C’étaient les années bonheur, celles où j’avais sans arrêt les filles d’Hubert & Caroline à la maison, où je les emmenais, avec mes fils, au Futuroscope, chez Astérix,à Deauville, peu importe, on faisait des charters de mômes et la tribu des enfants Breton-Auriol s’entendait comme des gosses en colo. Hubert avait monté son resto du Pont de Suresnes avec Guy Savoye et Caroline recevait les enfants pour des goûters incroyables avec d’énormes plâtrées de frites, ce qui les ravissait vous pensez bien. Elle était parfaitement complémentaire de son mari et, quelque part, ils constituaient le couple idéal, celui que Paris-Match aime à montrer en couverture. En même temps ils restaient si simples et naturels, de vrais amis comme ils l’avaient toujours été.

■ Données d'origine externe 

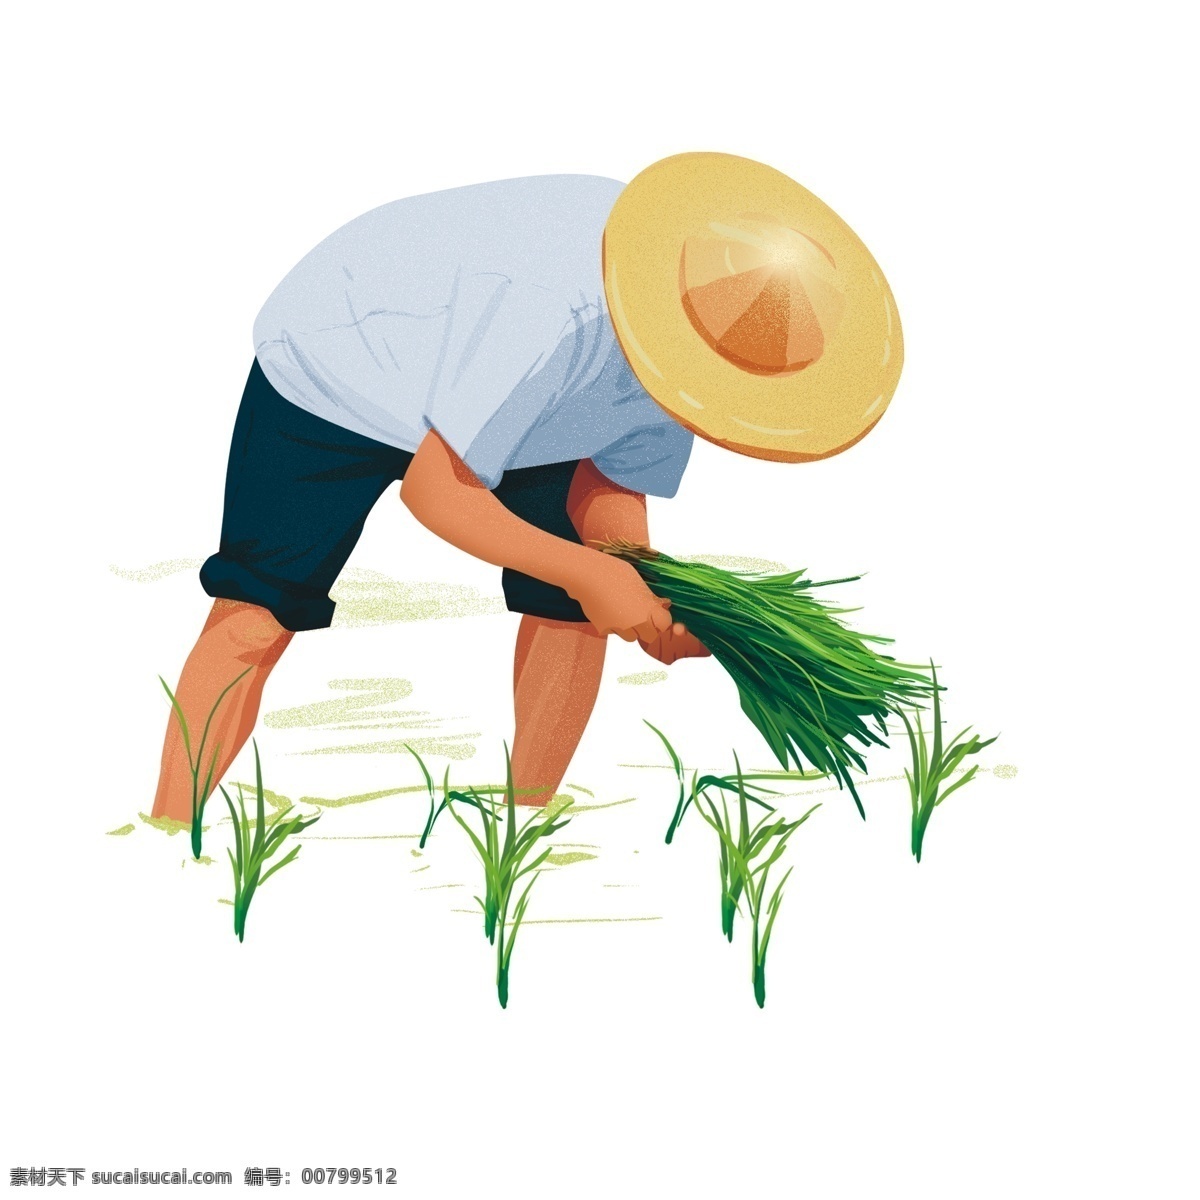 插秧 农民 装饰 元素 装饰元素 手绘 草帽 水稻 植物 稻田

Lorsque la vie nous a séparés, Caroline & Hubert, Eric & moi, on s’est évidemment un peu perdus de vue. Mais, à chaque occasion de nous revoir, nous avons vécu cela comme un vrai bonheur. Même si nous sentions que rien ne serait jamais plus comme avant. C’est la vie, Paulo, qu’est-ce qu’on y peut ?

Caroline était toujours aussi jolie, aussi souriante, aussi rayonnante, Hubert avait toujours son éternel sourire. Mais c’était pu comme avant. 

Même quand la maladie l’a frappé, jamais Hubert ne s’est départi de son courage, jamais son sourire ne l’a quitté. Les dîners des anciens du Dakar nous ont permis de nous revoir souvent, ainsi que les manifestations organisées à l’initiative de l’ami Philippe Vassard, le salon moto de Lyon en 2018 ou la célébration du 40ème anniversaire du départ du premier Dakar au Trocadéro en 2019, le mariage de Philippe et Emma en 2019.... Je remercie chaleureusement Phiphi car c’est à lui que je dois d’avoir pu revoir Hubert aussi souvent. Mais on le savait malade, on le voyait souffrir et cela nous désespérait de ne pouvoir rien faire de plus que d’être là, à ses côtés, pour l’épauler. Autant que faire se peut.

Puis, en mai dernier, Eric nous a quittés et j’ai vu qu’Hubert était sincèrement touché. La mort de son ami l’a affecté plus qu’il n’en a laissé paraître. 

Ensuite, en fin d’année, on a plongé dans l’horreur. Hubert hospitalisé, touché par cette saleté de Covid. Caroline qui me donnait se ses nouvelles, me disant qu’il se bat comme un lion (comment pourrait-il en être autrement ?)  et puis, elle aussi, fauchée à son tour, comme si la fatalité s’acharnait sur cette famille. Et maintenant c’est au tour d’Hubert. 

Aujourd’hui, je me sens seule. Abattue et perdue. Il ne me reste que nos souvenirs, nos merveilleux souvenirs. Plus  personne que moi pour les évoquer. Je me sens orpheline. Ils m’ont tous abandonnée. Puissent-ils être heureux là où ils sont, et reposer en paix.

Je voulais juste dire à Hubert, Caroline et Eric que je les aime et j’embrasse très fort, du fond du cœur, mes adorables chéries, Julie, Jenna et Leslie.